Multilevel data is also known as clustered data, where collected data is clustered into groups. Examples are observations of patients within the same hospitals or observations of students within the same schools. We say that these data are clustered (or correlated) because assessments of patients or students within the same hospital or school (or cluster) are more equal to each other than assessments of patients or students between different hospitals or schools (J. W. R. Twisk (2006)). It is called multilevel data because data is assessed at different levels. Data can be assessed at the level of the school when we would be interested in the school type, i.e. private or public. We say than that the data is assessed at two levels, i.e. the school level (highest level or level 2) and the students level (lowest level or level 1). Another example of multilevel data are data that are repeatedly assessed within the same person over time, for example when blood parameters or variables as bodyweight are repeatedly assessed within the same individuals (clusters) over time. Here the clusters are the individuals. This type of data is also called longitudinal data. In this example, also, assessments within the same individual may be more alike than assessments between individuals. This kind of data is also assessed at two levels, now the individuals are the highest level (level 2) and the time measurements are the lowest level (level 1). The different types of Multilevel data are graphically displayed in Figure 7.1a and b. Multilevel data may also consist of data assessed at more than 2 levels, i.e. data that is assessed in different schools, classes and students or different regions, hospitals and patients.

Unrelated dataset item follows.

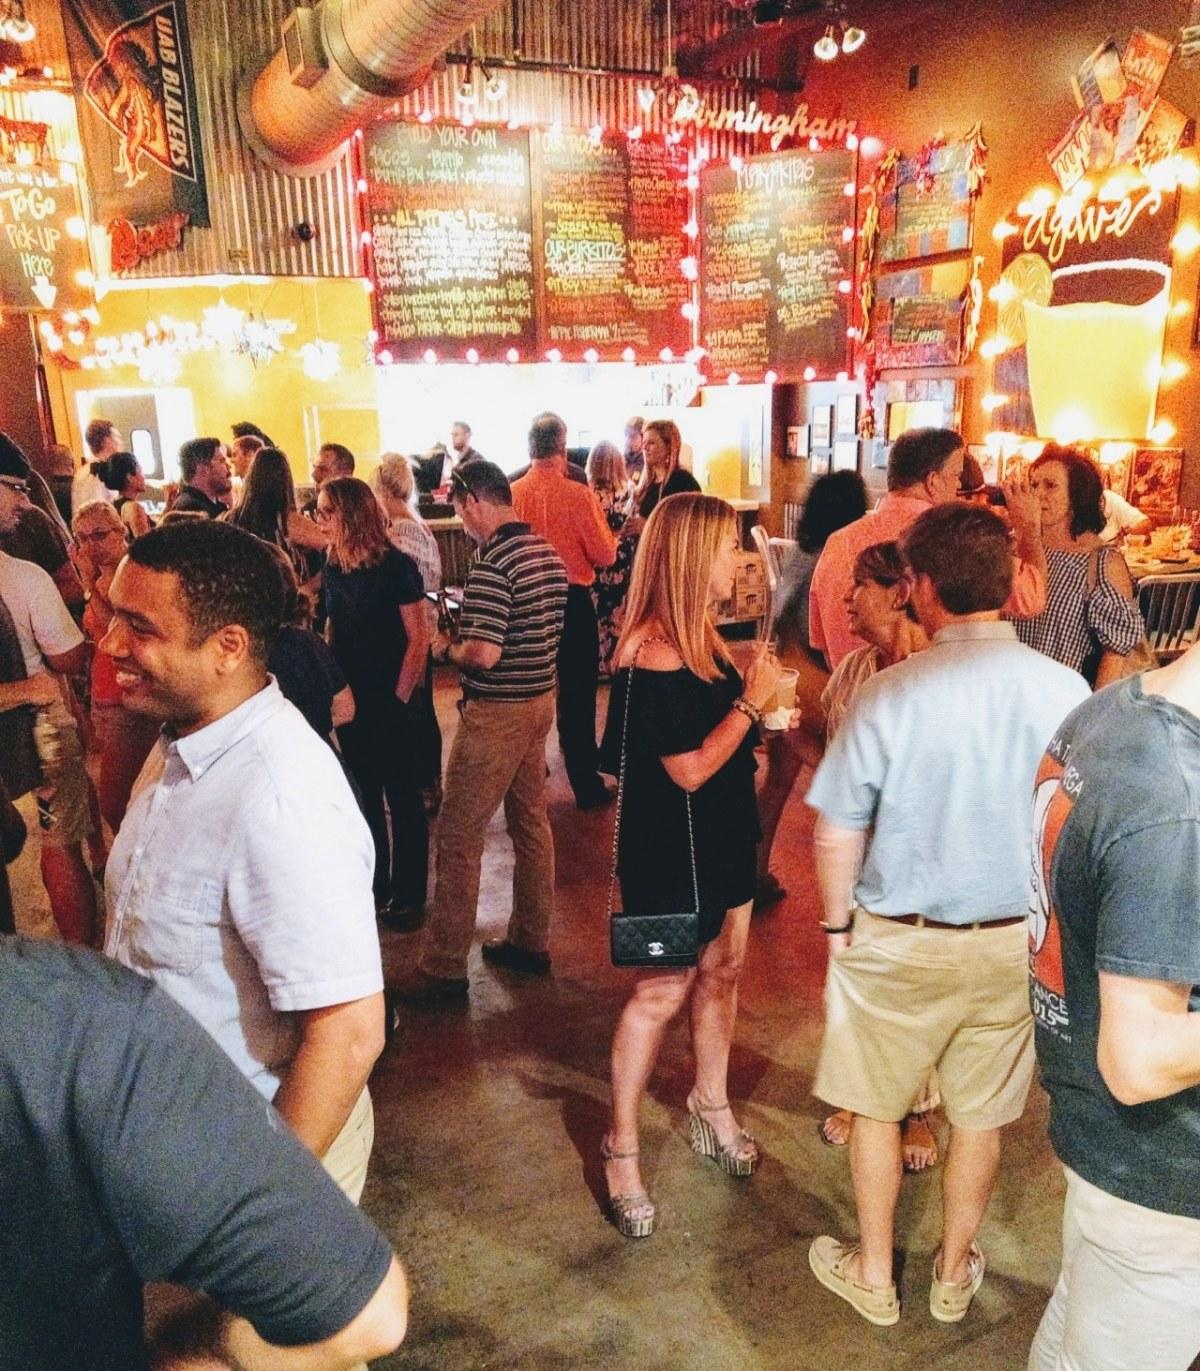 Taco Mama Preview Party-The Waites-New Development-Downtown-Birmingham-Alabama

## 7.3 Multilevel data - from wide to long

In this Chapter we use an example dataset from The Amsterdam Growth and Health Longitudinal Study (AGGO). In this study persons were repeatedly assessed over time and growth, health and life-style factors were measured. Assessments are available of Gender, Fitness, Smoking, Hypercholestrolemia, Cholesterol level and Sum of Skinfolds. The dataset contains information of 147 patients which are assessed six times, once at baseline and at 5 repeated measurement occasions. Usually, a dataset contains one row per subject and the separate variables are placed in the columns. When subjects are repeatedly assessed, additional variables are added for new assessments. This is also called a wide data format (Figure 7.1).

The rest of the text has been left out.